Jeff Rayden and Julie O'Reilly are a pair of investigative magazine reporters working for the popular Crux, a periodical boasting a circulation of over two million readers. Jeff is writer and Julie photographer, and together they are on their way to San Ramon, Texas to interview Borden Means, the subject of their next article. Jeff and Julie have been a team for a long time and were once in love, but "too much dough and too much reputation and too many assignments" have soured that relationship and it's begun to color their work. But before the two of them can get into yet another argument about it, a stewardess informs them that their plane is making a special landing in "Dos Almas" to drop the two of them off. When an astounded Jeff asks how such a thing could be possible, he is informed that Mr. Means has arranged it.

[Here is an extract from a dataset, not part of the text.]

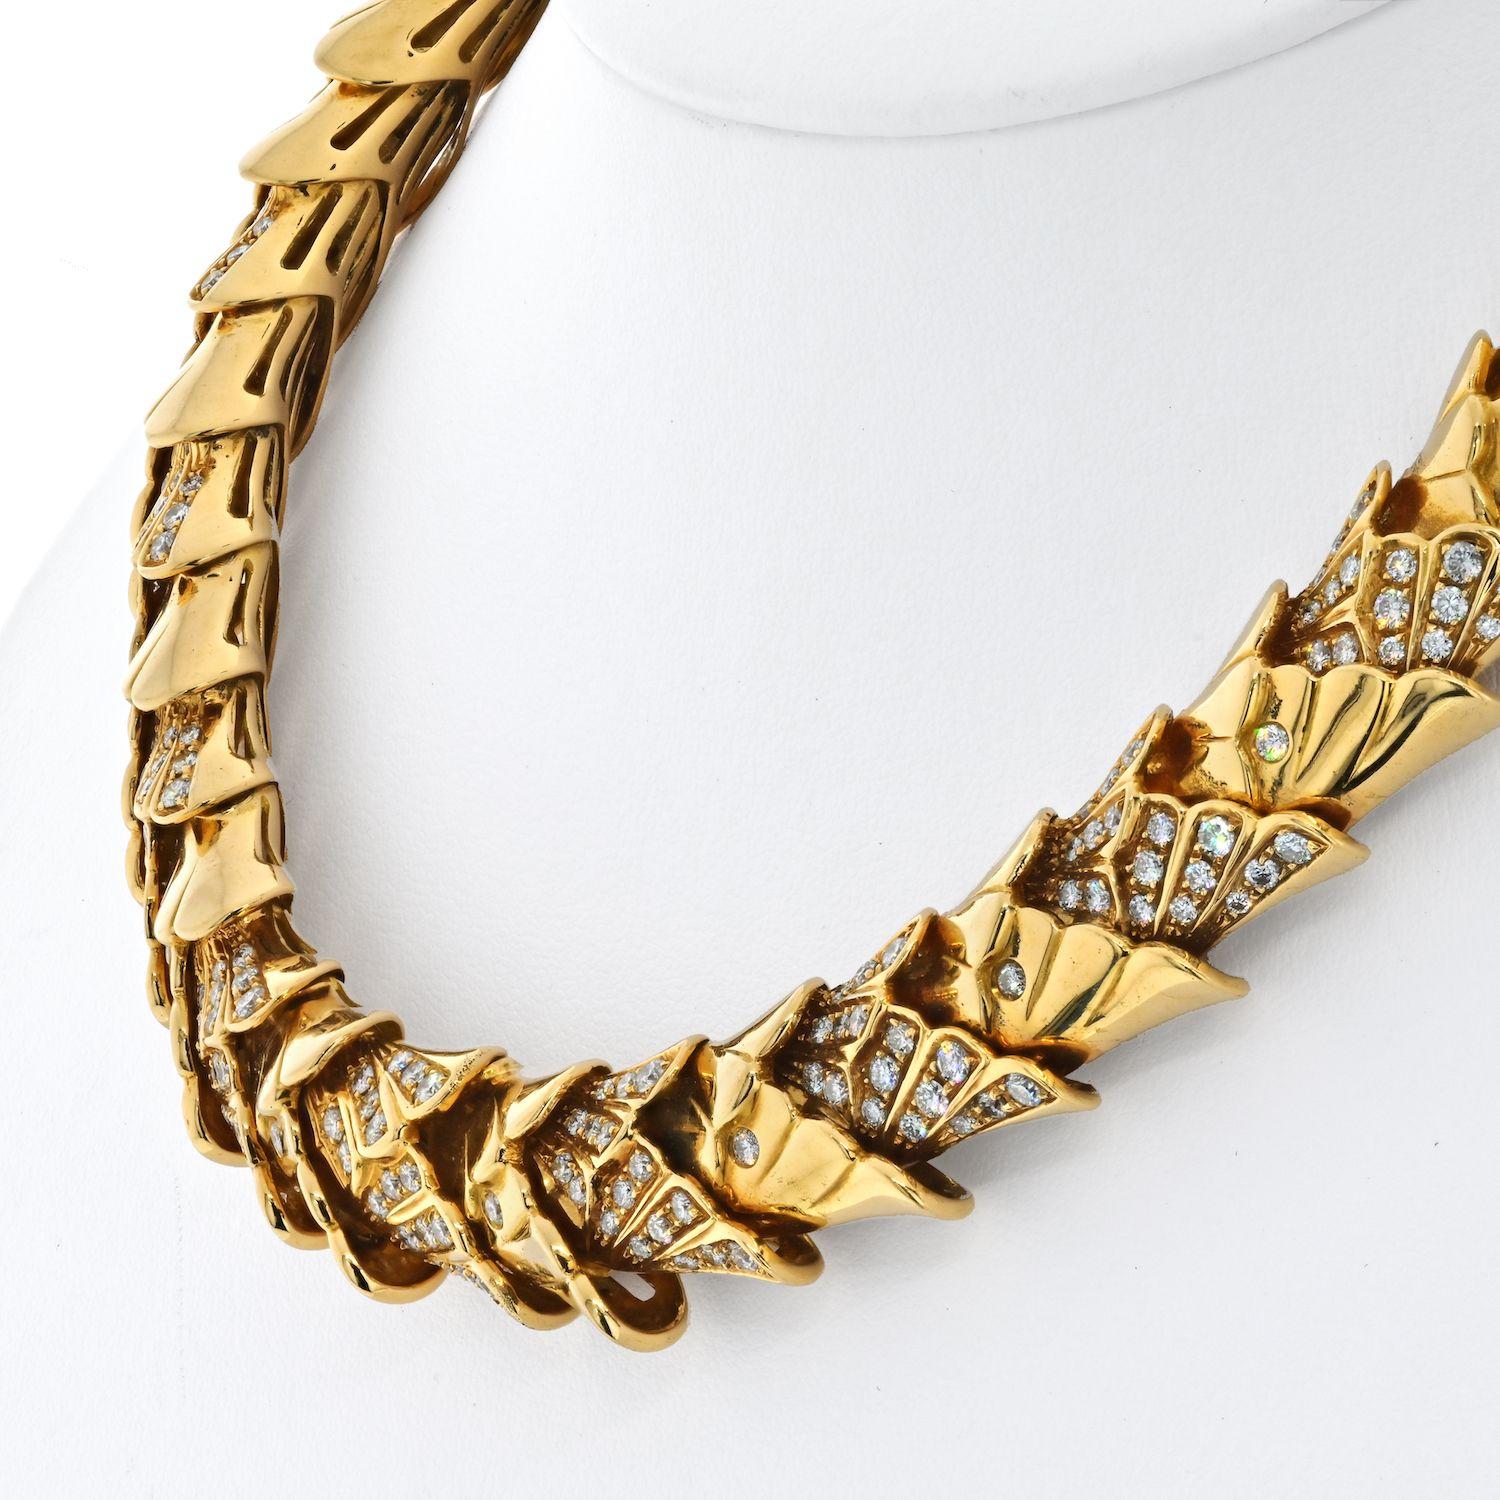 Elegant and sophisticated, this 18k gold necklace is exceptionally flexible, allowing it to sit beautifully on the neck. The necklace is generously sized at 15mm wide and constructed of individual links assembled with diamond set scale like design.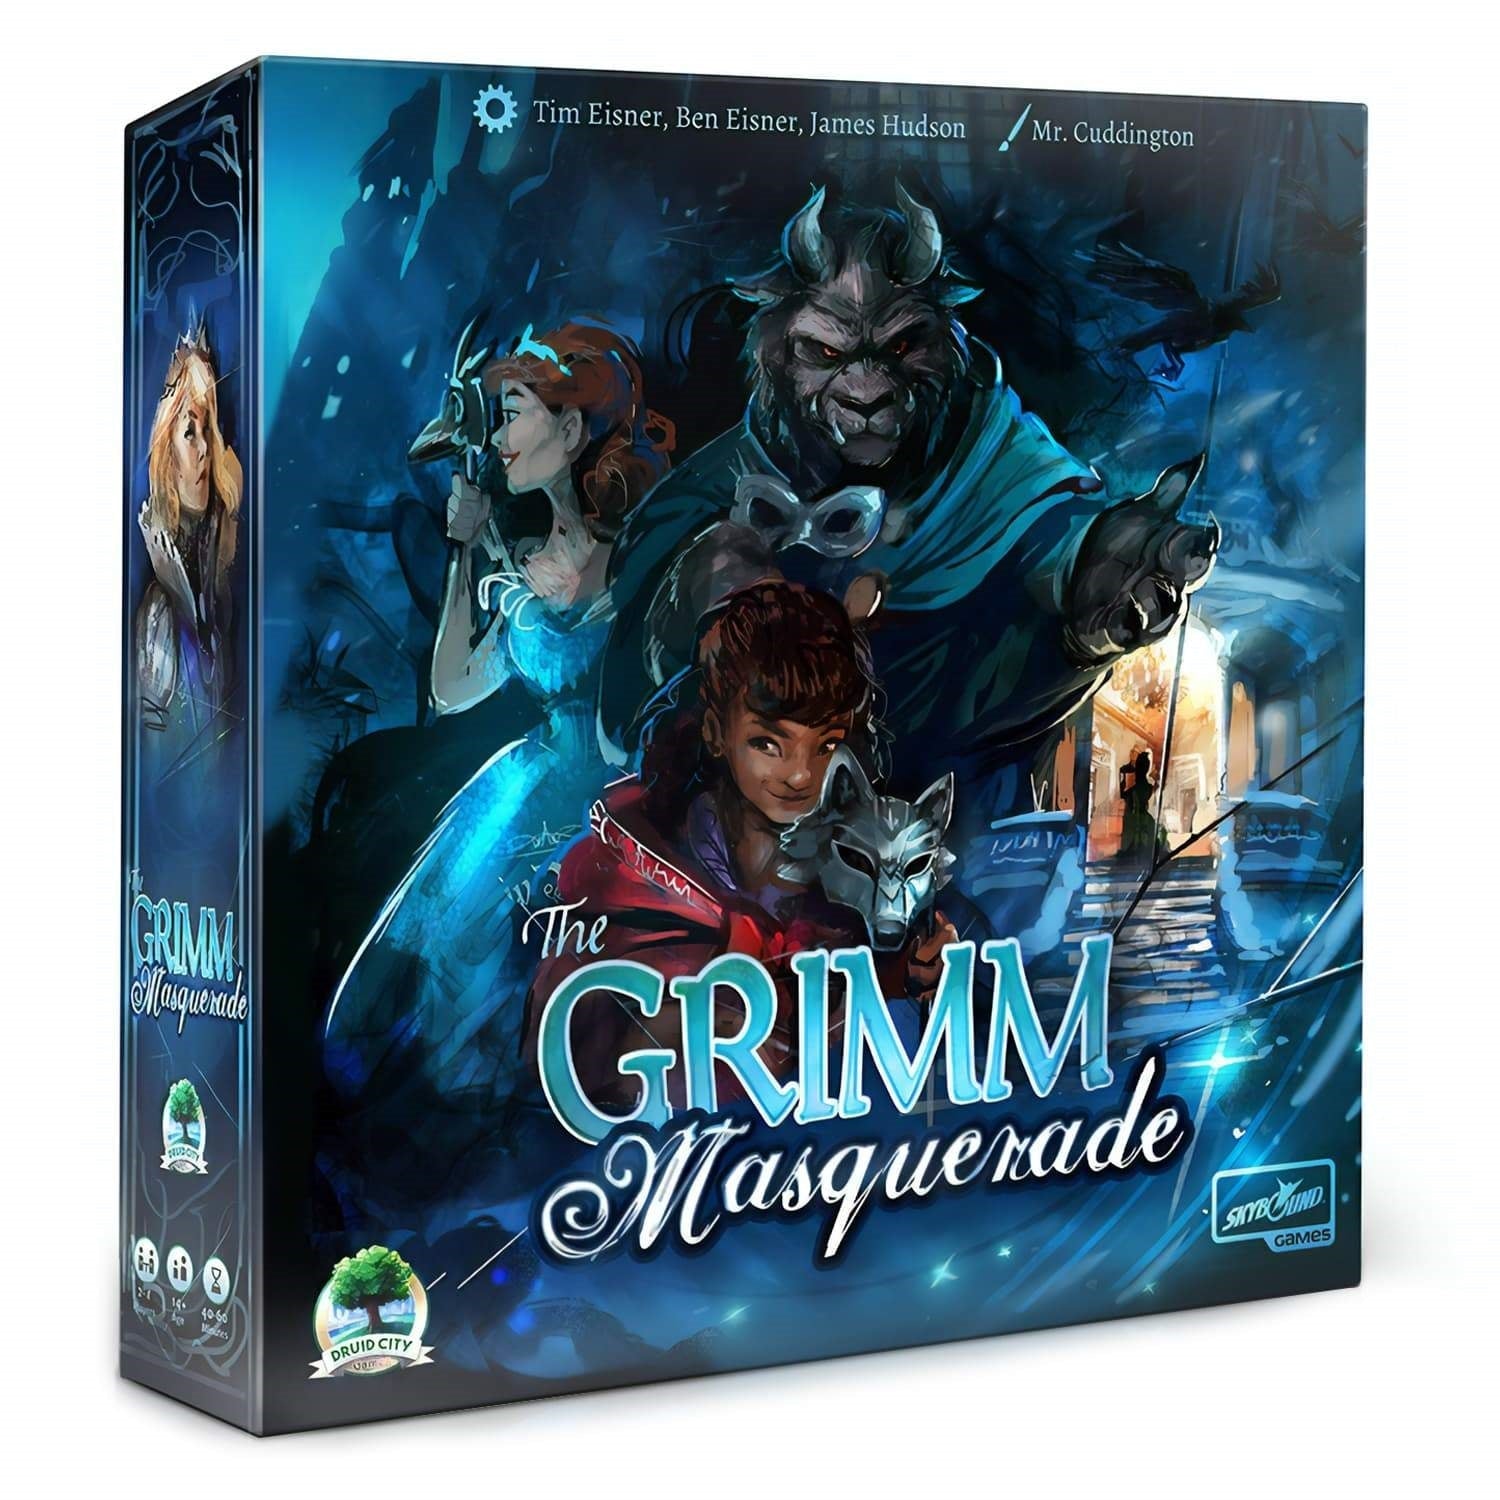 (BSG Certified USED) The Grimm Forest: The Grimm Masquerade

Borden Means is a Texas millionaire who been making highly successful political speeches and who has drawn a vast and growing following.
"A muscular bachelor of fifty-two, he had accumulated a fat fortune in Texas oil lands. Now he had given up the accumulation of more money and had purchased network time to lecture America. No, the man had nothing to say, and yet -- in the way he said it... Each time Jeff read the speeches he had felt his heart begin to pound, felt the flush of excitement on his face, felt a rebirth of confidence in himself and in the world. He knew that it was puerile to be aroused by tag words and emotional clichés. Yet all Means had to do was say something about home and mother -- and he took you back to the summer evenings of childhood, the dusk walk to the corner store for ice cream, the murmur of voices on the front porches, the aimless lazy slap of a screen door..."
Still, Jeff is confident that he and Julie will expose him like they had all their other subjects: "Loud little men with egocentric ideas and concentrated lust for power."
Means meets them at the airport and together they are chauffeured to his country home. There they meet his assistant Laura, a blonde haired, blue-eyed woman who bears a striking resemblance to Means chauffer. Means tells them that what he is after is a better world:
"That's rather simple, isn't it? I talk about the things every man wants. We've lost sight of our objective. I help people regain their faith in this world and in a good future for mankind. When enough of them realize, through me, that a better world is attainable, then they will band together to make that world possible."
Jeff and Julie accompany him to his large estate in San Ramon, and along the way Means displays an amazing familiarity with the past work of the pair, remarking that their articles of late have been faltering. When Jeff questions his sincerity Means lectures him in a booming voice that was like "the toll of a distant bell," and makes the hair on the back of Jeff's neck stand up. Means is scheduled to speak that evening in San Ramos and the crowds are overflowing into the streets. When he walks upon the stage the crowd erupts into wild applause that is cut short when Means raises both of his arms. In dead silence and with rapt attention the throngs listen as Means speaks of love and hope and promise and a better tomorrow. Julie is mesmerized and tears stream down her cheeks, and even skeptical Jeff is swept along.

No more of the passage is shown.